3.Big data management:  It is the user's responsibility to determine the quality of the data.

Traditional systems apply data standardization and cleansing before storing data in a predefined model. 
On the other hand, one of the characteristics of the big data utilization environment is that, due to the nature of storing and providing data in its original format, neither cleansing nor standardization is applied when the dataset is collected.

This gives you more freedom in how you use the data, but it is your responsibility to apply the necessary data transformations. 
Therefore, it is easy to use a dataset for different purposes, as long as the user transformations do not conflict with each other. 
Conversely, we need a way to manage different transformations and ensure that they are consistent. 
Therefore, the big data management environment must include a method for collecting the results of data conversion by the user and a method for ensuring that they are consistent and the data interpretation is consistent. 

4.Big data management:  Understand that the architecture improves performance

let's stay in the world of big data management, Big data platforms can leverage processing and storage nodes built with inexpensive general-purpose products to perform parallel computations with distributed storage. 
However, if you don't fully understand the details of SQL-on-Hadoop query optimization and execution models, you can be disappointed with the unexpectedly long response times.

For example, a complex JOIN operation requires a chunk of a distributed dataset to be broadcast to all computing nodes, which is a serious performance issue as it sends large amounts of data to the network. 
The solution is to understand how data is organized in big data architectures and how to optimize queries in database execution models, and with these understandings, you can write big data-powered applications with high performance.

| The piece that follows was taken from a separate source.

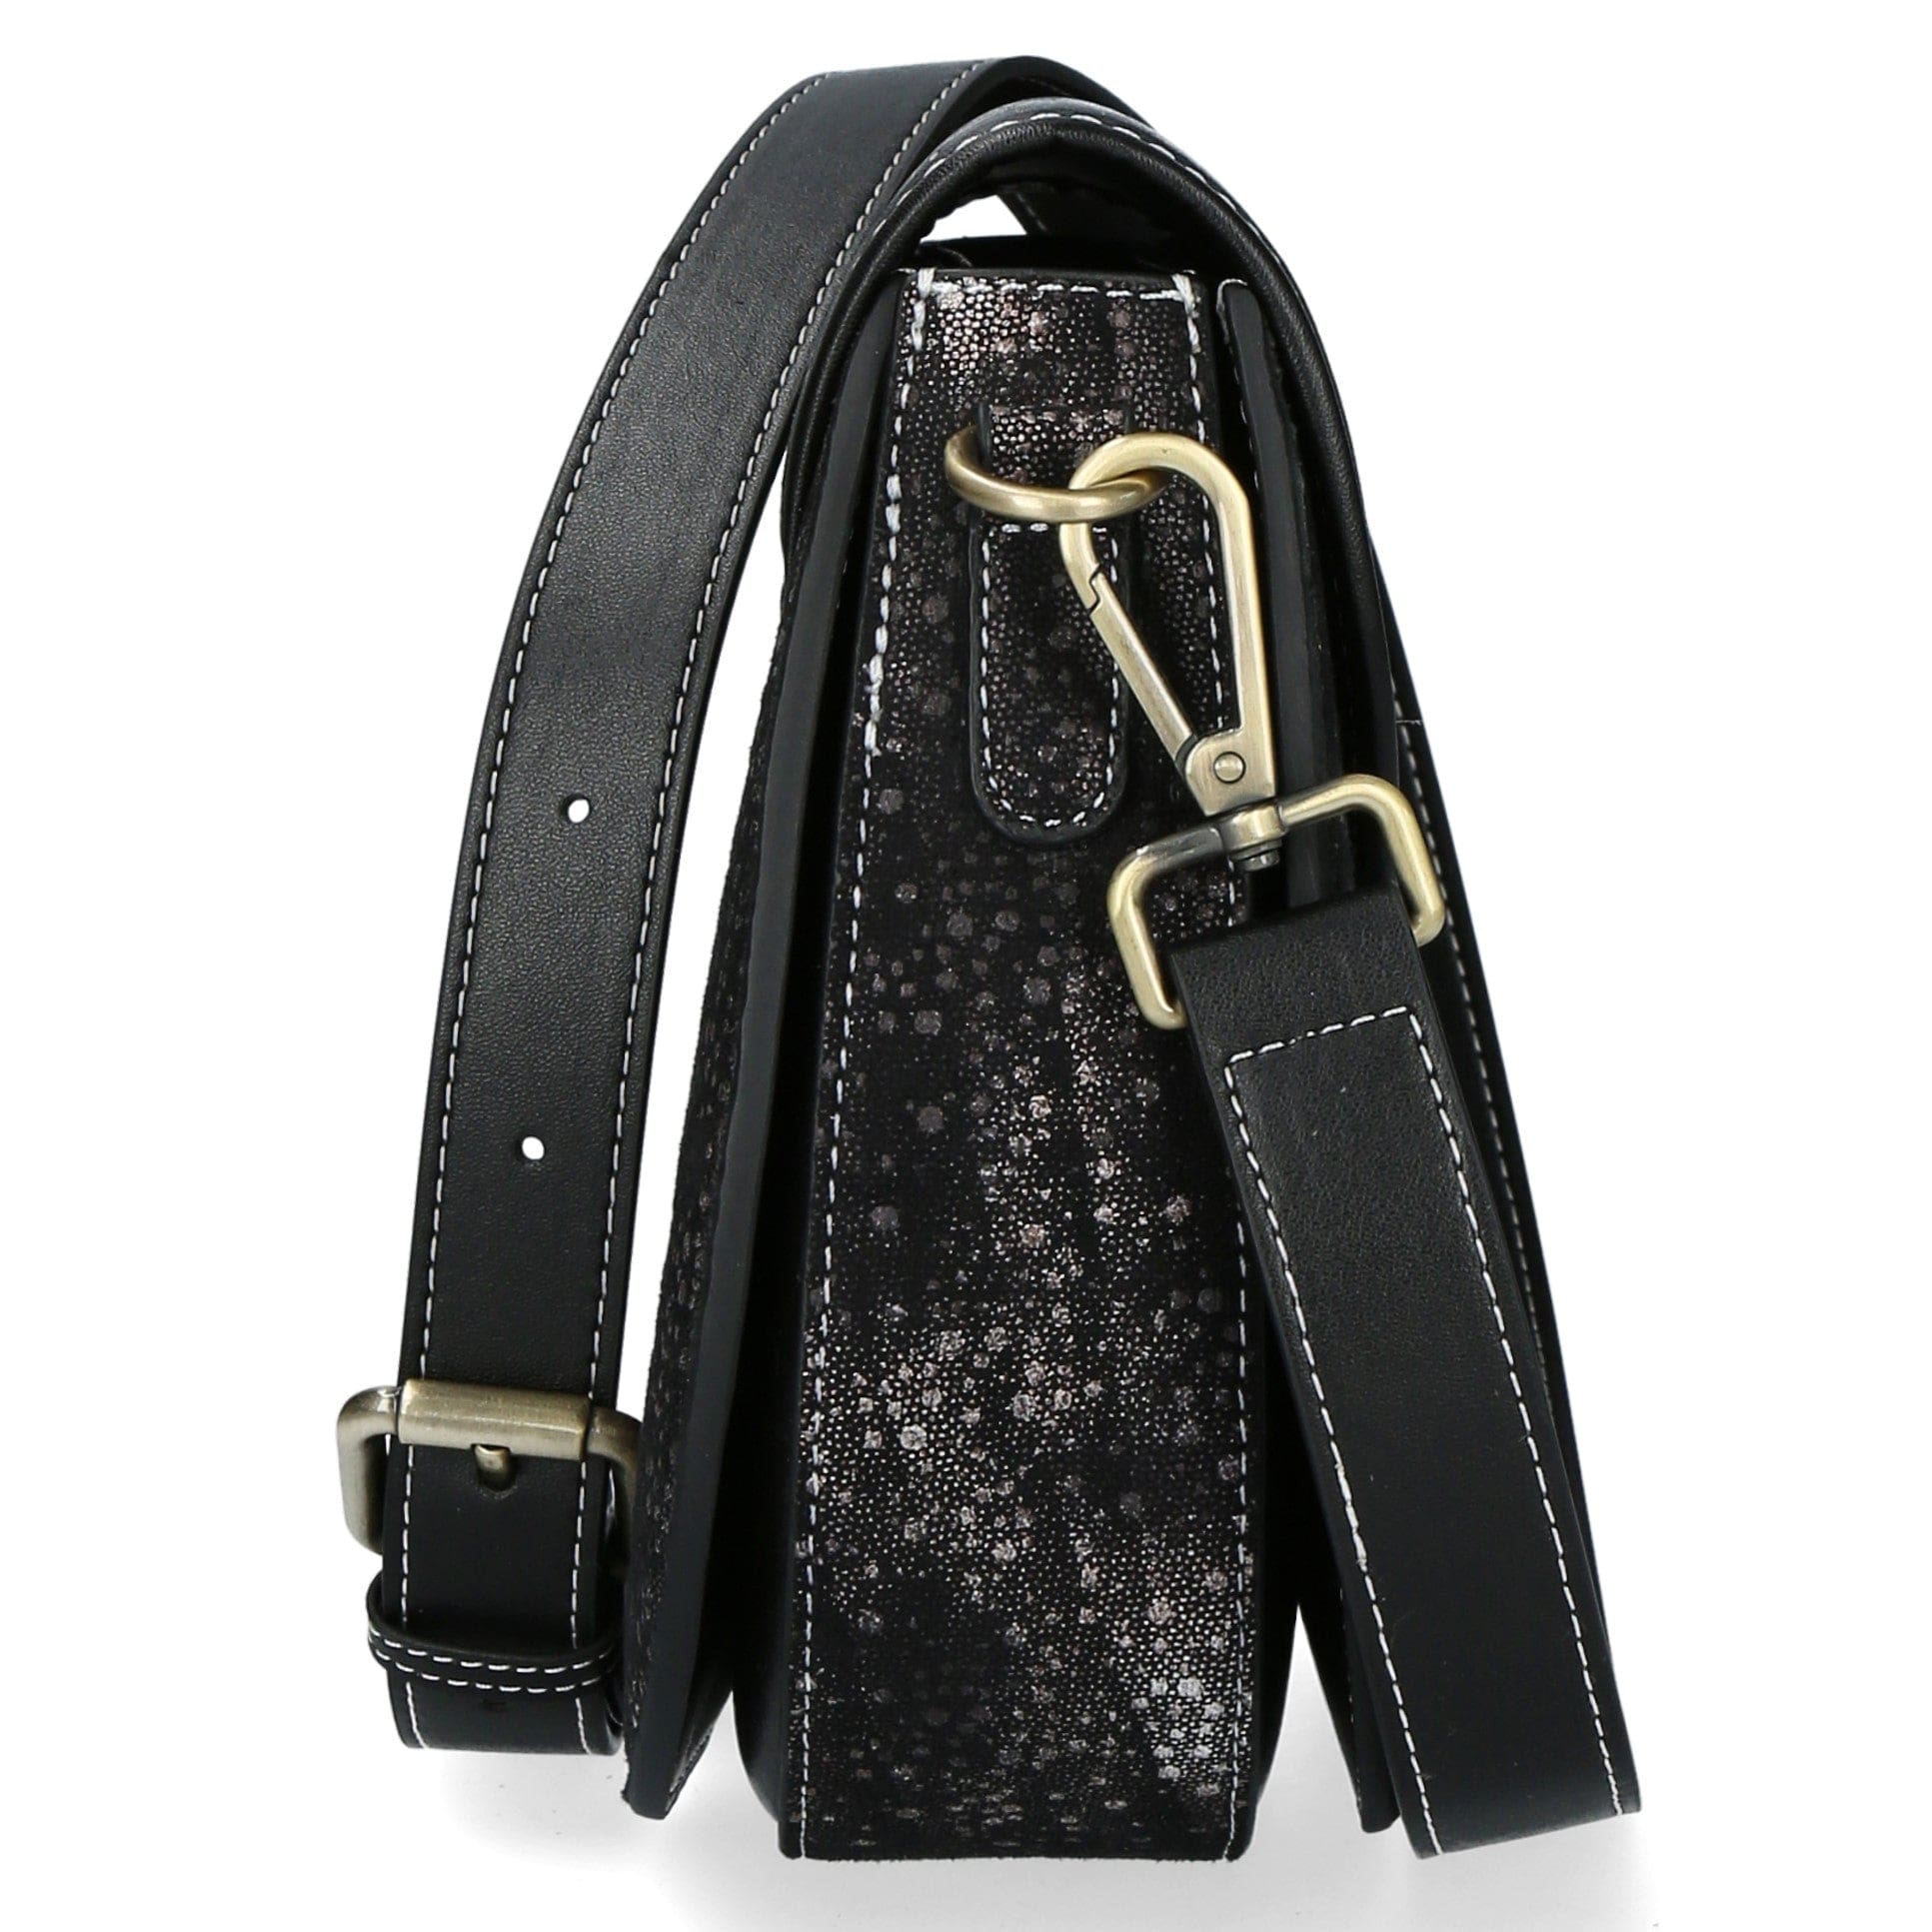 Taschen Handtasche Leder 4504K - Grau - Taschen

5.Big data management:  The essence of big data utilization lies in the world of streaming

In previous data utilization environments, much of the data collected and used for analytical purposes was generated within the organization and stored in a static data repository. Today, streaming data continues to grow explosively. 
Some of this is human-generated content such as social media channels, blogs, and email, while others are machine-generated data coming from countless sensors, devices, meters, and other internet-connected machines. 
There is also streaming content that is automatically generated from the IT system, such as web event logs. 
All of these streaming sources generate large amounts of data, which is a valuable source of analysis.

And this is the core of the challenges surrounding the use of big data. 
Therefore, big data management strategies must always include technologies that support streaming processes such as scanning / filtering / sorting meaningful information. 

Without big data management, streaming data cannot be properly collected, stored, and subsequently controlled for access.

Big data management considerations

Proper big data management of big data not only effectively leverages many of the traditional approaches to data modeling and architecture, but also provides new technology and process frameworks that enable access and manipulation of a wider range of data. It is essential to introduce it. 

big data management strategies include data exploration, data preparation, self-service data access, collaborative semantic metadata management, data standardization and cleansing, and the introduction of tools to enable stream processing engines,And if you fully understand the "new common sense" shown here, you can dramatically shorten the period from big data utilization efforts to achieving results.